At 56 weeks, the composite goal of a greater-than-5% weight loss from baseline, an HbA_1c level lower than 6.5%, and a systolic blood pressure lower than 130 mm Hg was met by 12% of patients on lifestyle modification plus placebo, by 27% of those on the lifestyle program and the lower dose, and by 39% of those on the full dose. The tougher goal, which involved a greater-than-10% weight loss, was achieved in 4% of controls, 14% on the lower dose, and 31% on the full dose, which suggests that the drug plus lifestyle modification was roughly eightfold more effective than lifestyle modification alone.

The mean weight loss from baseline was 2% in controls, 7% in patients on the lower dose, and 9% in those on full-dose therapy.

To reach the composite goals, 12% of control subjects required a net increase in antidiabetic medications, as did 2% of those on the low dose and 0.6% of those on the full dose.

Both phentermine and topiramate have been on the market as individual drugs for many years, and their side effects in the CONQUER diabetic subgroup were the familiar ones associated with those agents.
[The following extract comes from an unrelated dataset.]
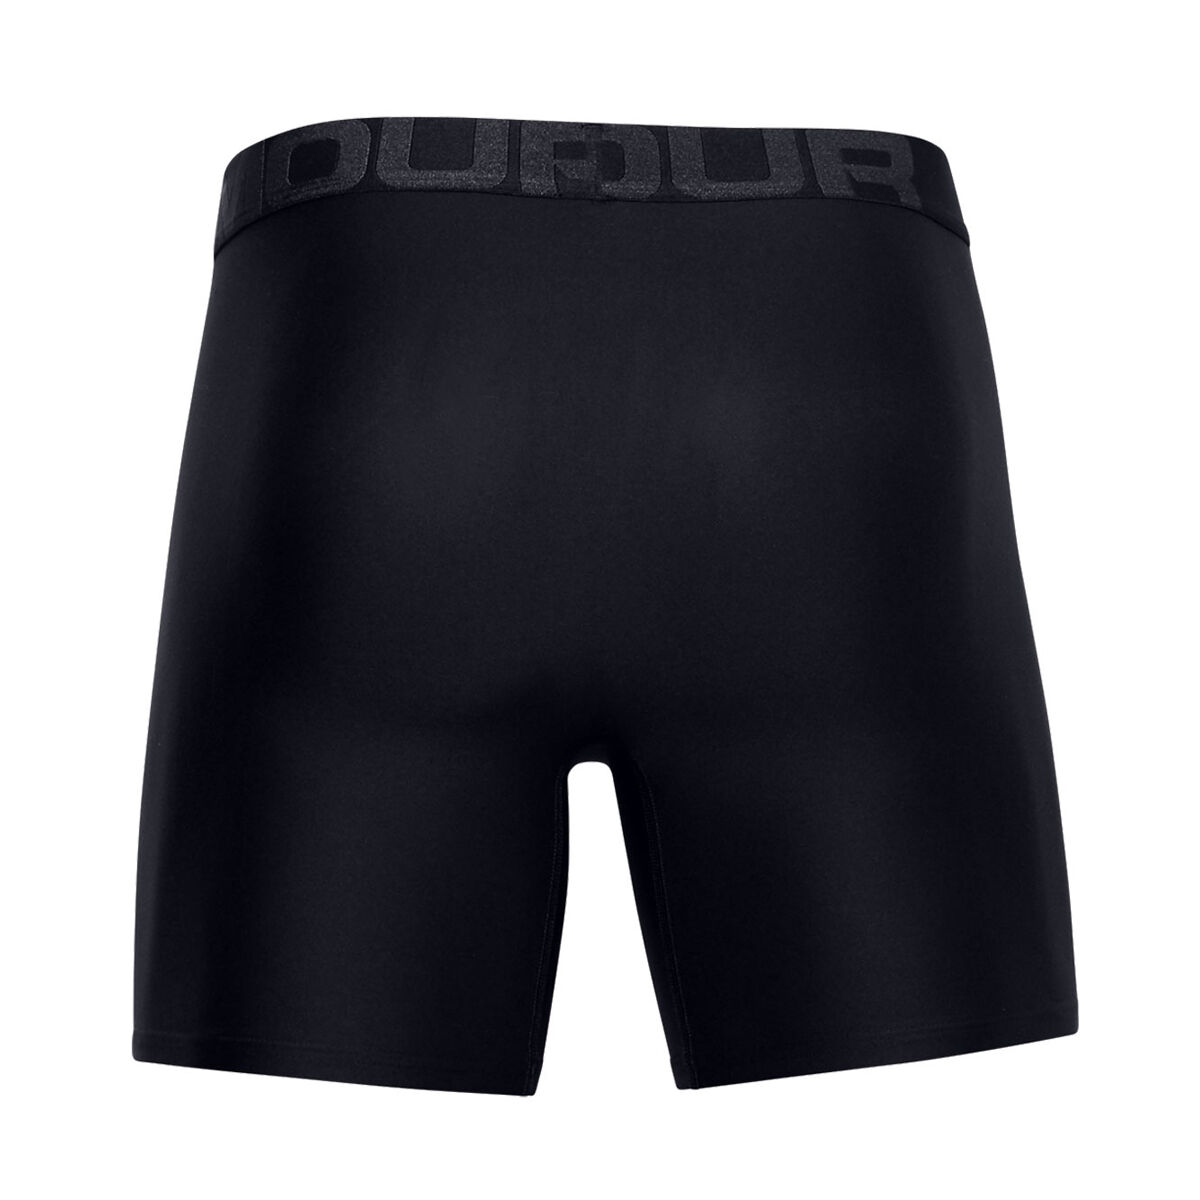 NBA Men's Athletic Wear Black & White Boxer Briefs Underwear Small Spandex  NWT

Dry mouth and paresthesia each occurred in about 8% of patients on the lower dose, and constipation occurred in 15%. Because the side effects are dose related, it’s quite likely that phentermine 7.5 mg/topiramate 46 mg will be the recommended starting dose, according to Dr. Ryan.

Topiramate is a known teratogen with a risk of four or five cases of cleft palate per 1,000 exposures during pregnancy. For this reason, the combination drug will be a category X drug.

In an interview, Dr. Ryan said that she could see physicians setting up contracts with their patients to take the drug for at least a year, then stopping it in order to see if lifestyle modification efforts enable them to avoid weight regain. If the pounds start piling up, they’ll restart the drug.

Dr. Ryan reported serving as a scientific advisor to Vivus but holds no equity interest in the company.